The need for using ML in the cardiovascular systems will continue to grow. As wearable and mobile devices become more widely used, the amount of cardiovascular data made available for training ML‐based systems will explode. The use of ML in cardiovascular systems can enable high‐accuracy automated diagnosis and save expert clinicians a considerable amount of time. Wearable devices with sensors and software capable of analytics will be in high demand.

The cost of sequencing the human genome is rapidly decreasing with the development of high‐throughput sequencing technology. Such reduction in cost is fueling the growth of ML‐based research for precision medicine. The exponential growth of biomedical data is unquestionable. However, at the same time, the data can be dispersed and not well organized. Efforts to make integrated and curated data sets will enable ML efficacy, in the future. In fact, such efforts are already being made.
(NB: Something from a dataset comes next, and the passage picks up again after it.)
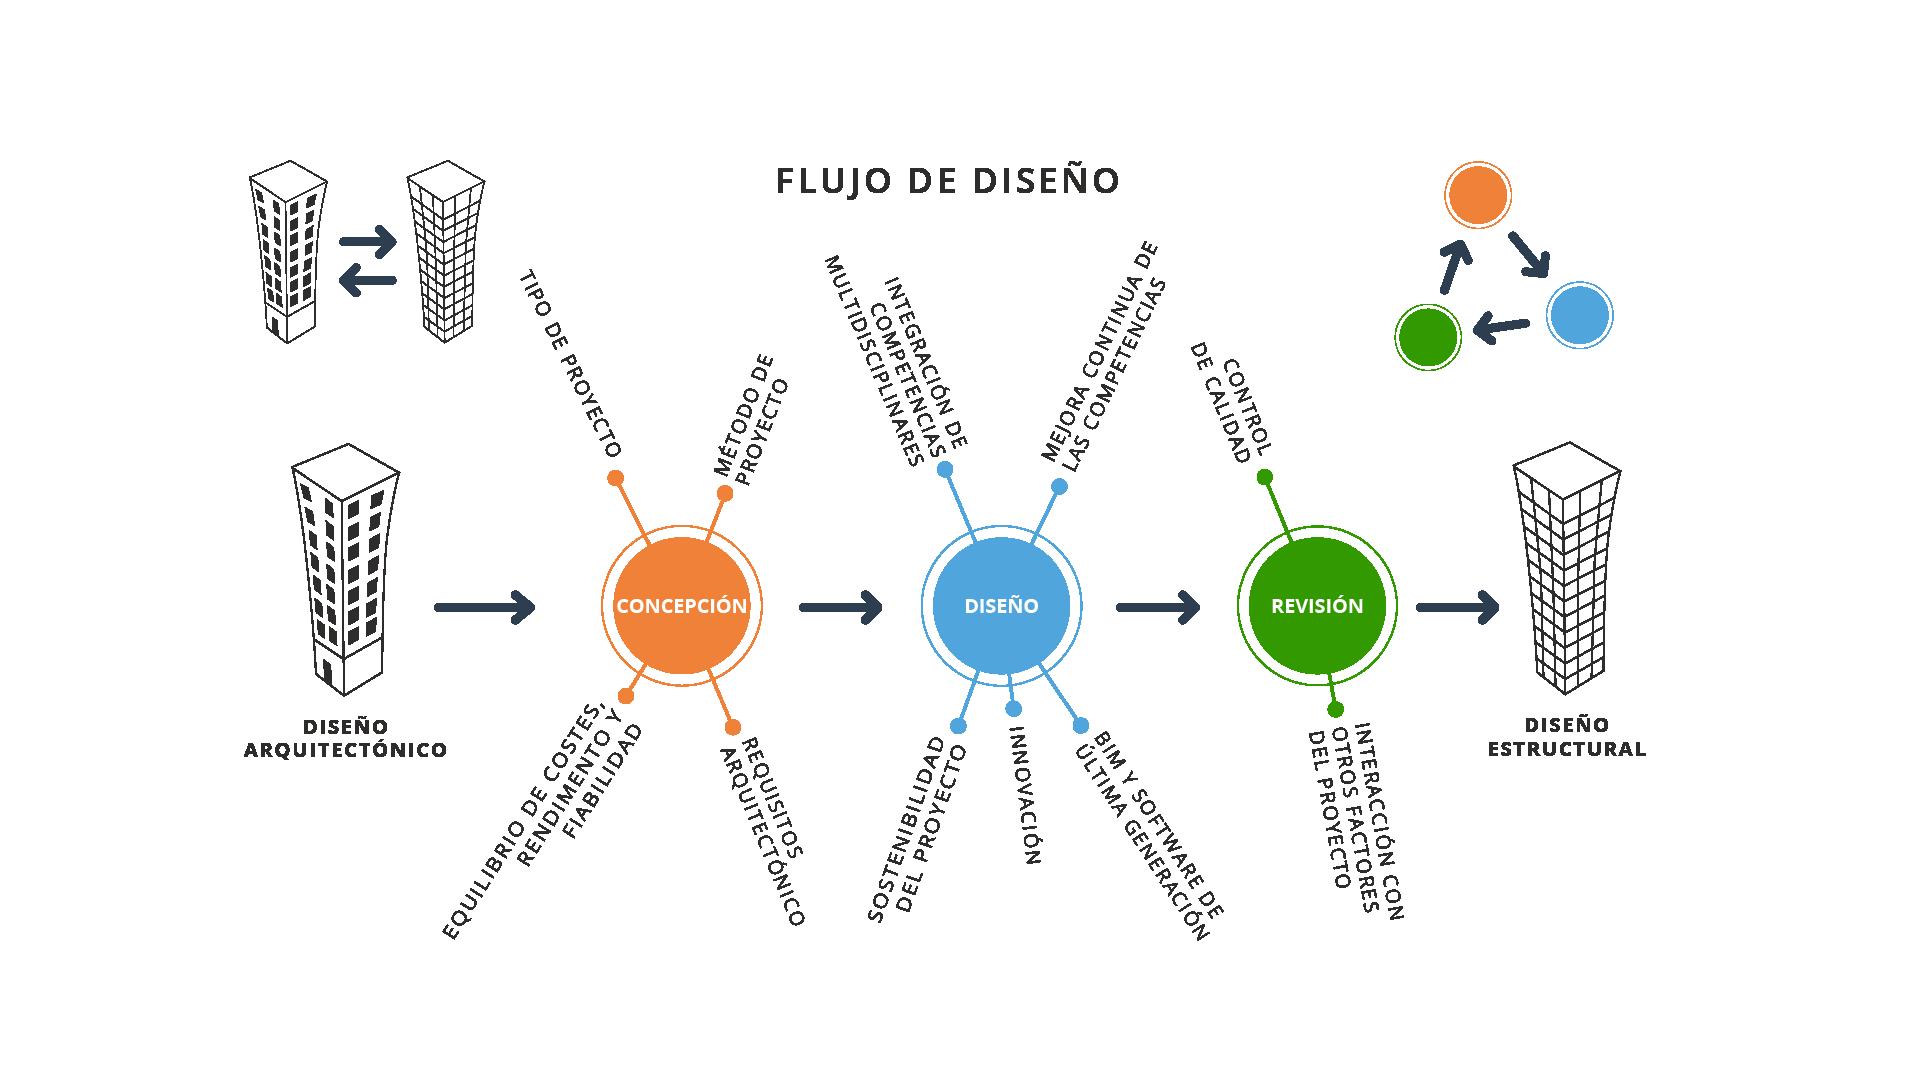 Carta de flujo del flujo de diseño

For example, the AHA recently established the Precision Medicine Platform through the efforts of multiple AHA volunteers and a collaboration with Amazon Web Services.110 The goals of the platform are (1) to make the data available for researchers, (2) to make searching across orthogonal data sets easy, (3) to provide a secure workspace/facility for taking advantage of the power of cloud computing, and (4) to provide a place for users to share insights.
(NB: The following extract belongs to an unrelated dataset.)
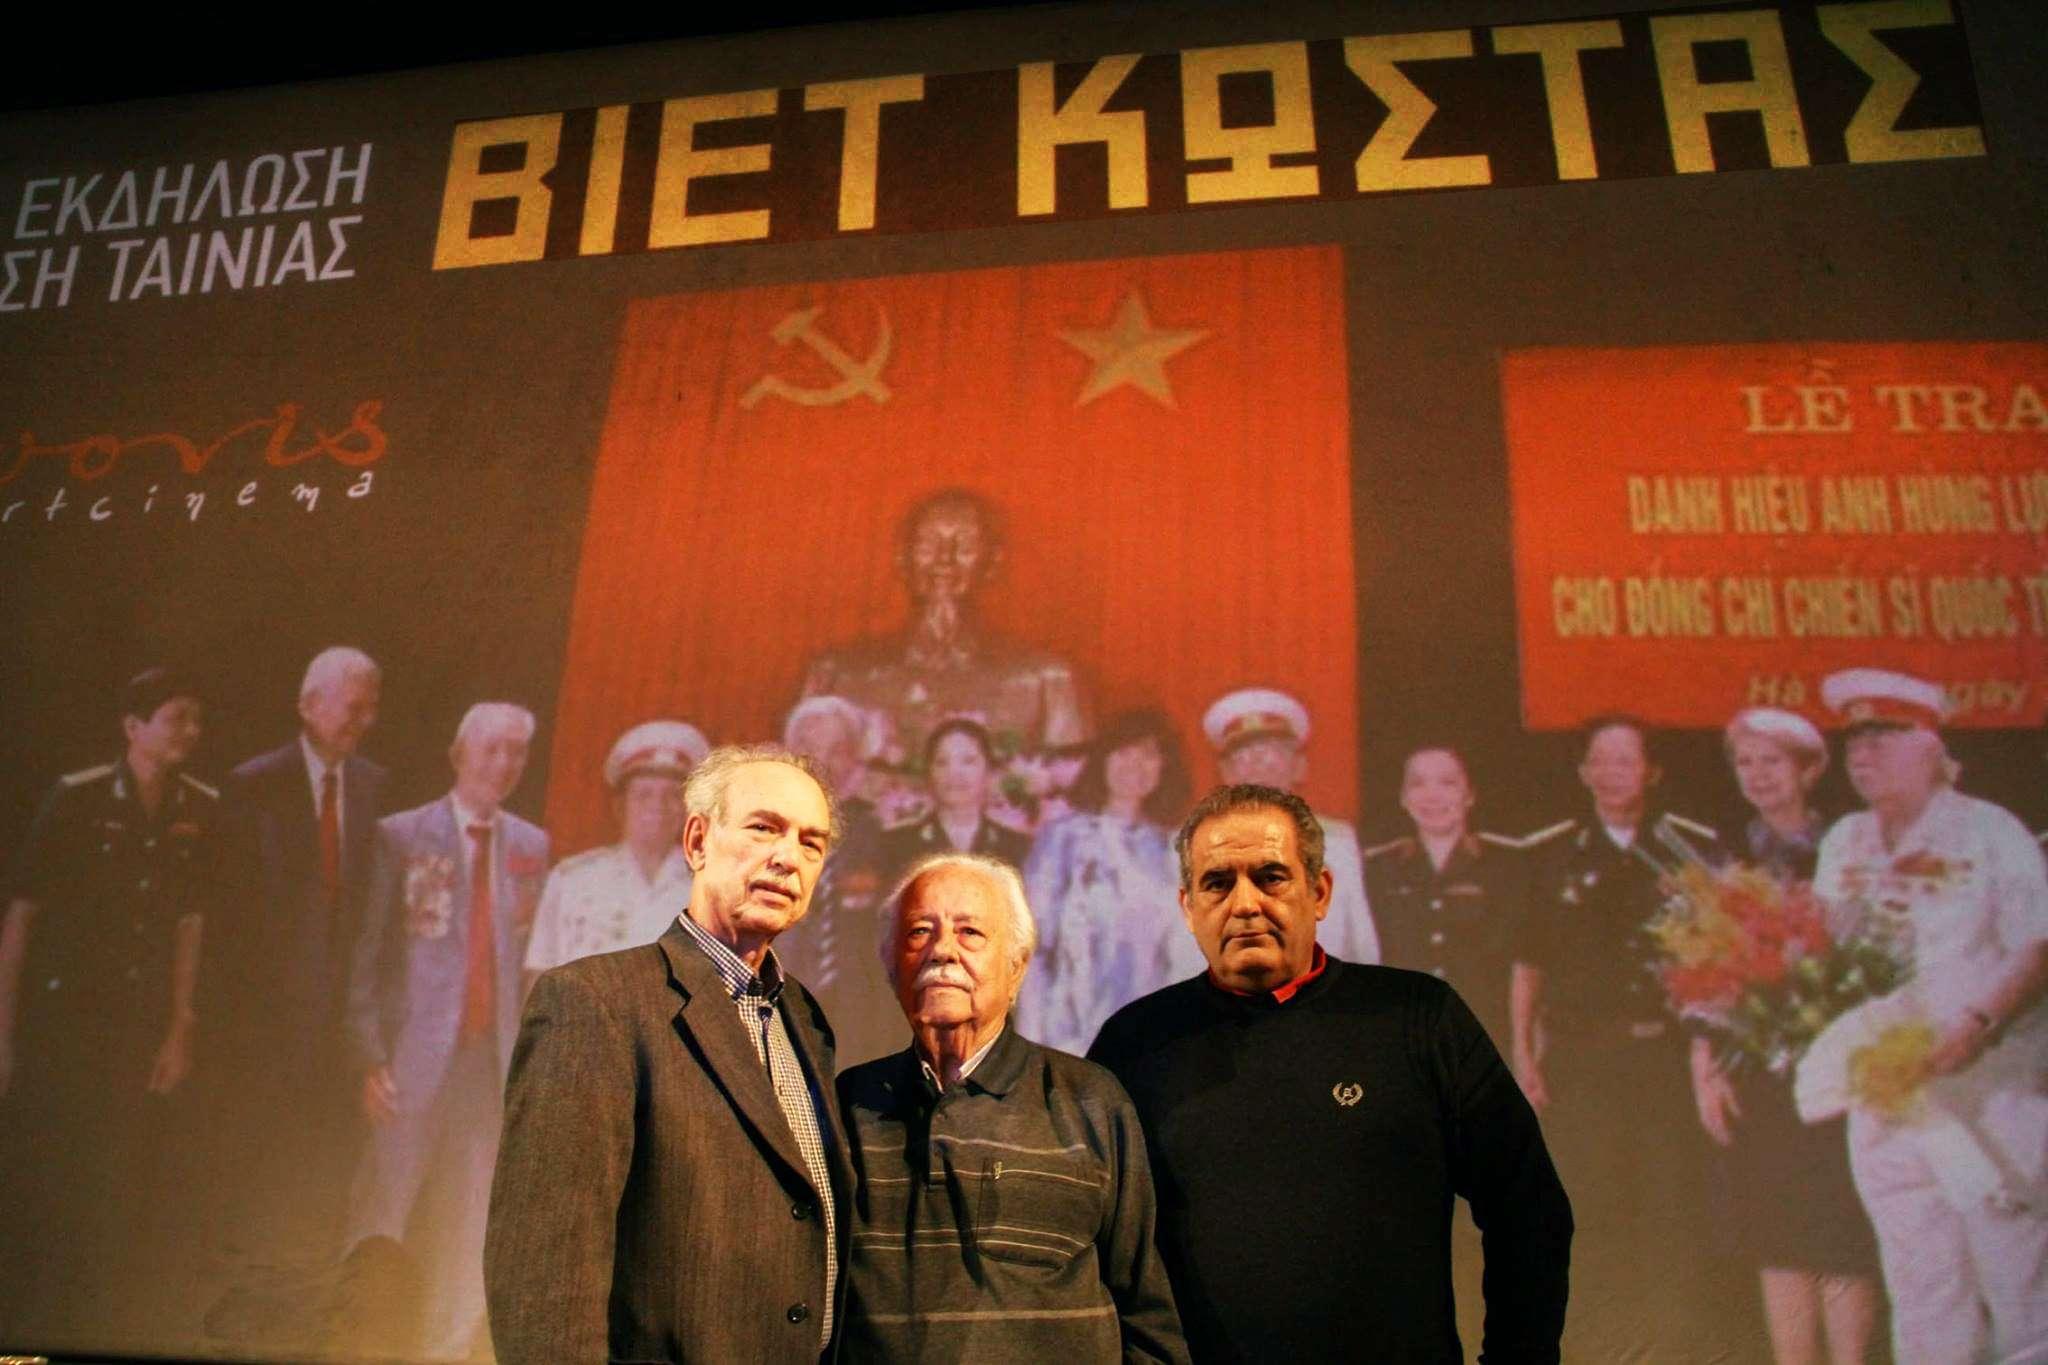 Σαραντίδης Nguyen Van Lap ο έλληνας VIETμίνχ ταινία Sp Xalbatz;hw

Continuous efforts are necessary to avoid bias in data. There are no quick and easy solutions to this problem. Solving this problem requires careful sampling of the data, and conscious efforts from the creators of the ML‐based systems to eliminate personal bias from the input data.

One of the future directions of research would be to build classifiers that are more interpretable. Interpretability in ML models would allow physicians and patients to trust the ML‐based systems. In a recent study, an interpretable ML model was built for accurate prediction of sepsis in ICU patients.111 Another example of an ML algorithm that is both accurate and interpretable is the optimal decision tree.112

While the appropriate use of ML algorithms can enable better health care, the limitations of ML algorithms need to be acknowledged. In the near future, ML algorithms can at most assist physicians, and obviously cannot replace them. Physicians should therefore not feel threatened by AI, but could rather embrace it as a tool for providing better health care to patients. That being said, once ML's use in medicine becomes prominent, there will be changes in how physicians work. Future physicians would not only be required to be well versed in traditional medicine but also would be required to use/understand the ML‐based systems effectively and have good knowledge in statistics and data analytics.

Conclusions

In this article, we have highlighted and summarized the state of the art in ML‐based applications for improving patient outcomes pertaining to the cardiovascular system. There has definitely been an explosion of cardiovascular data, as well as an explosion of interest in applying AI. Because ML is better suited to find structures within complex data sets than traditional statistical methods, their application can surely improve patient outcomes. ML has limitations: (1) being prone to bias and (2) being difficult to interpret. Additionally, there are challenges of accountability and competing interests of stakeholders, which may restrict the usability of ML‐based applications in medicine. Deployment of ML‐based models in medicine needs a well‐thought‐out plan. Once planned, their deployment could lead to lasting benefits for mankind.

Sources of Funding

The work was supported by a Grand‐in‐Aid (#15GRNT23070001) from the American Heart Association (AHA), the RICBAC Foundation, NIH grant 1 R01 HL135335‐01, 1 R21 HL137870‐01 and 1 R21EB026164‐01 and a Founders Affiliate Post‐doctoral Fellowship (#19POST34450149) from the AHA.

Disclosures

None.

J Am Heart Assoc. 2020;9:e013924 DOI: 10.1161/JAHA.119.013924.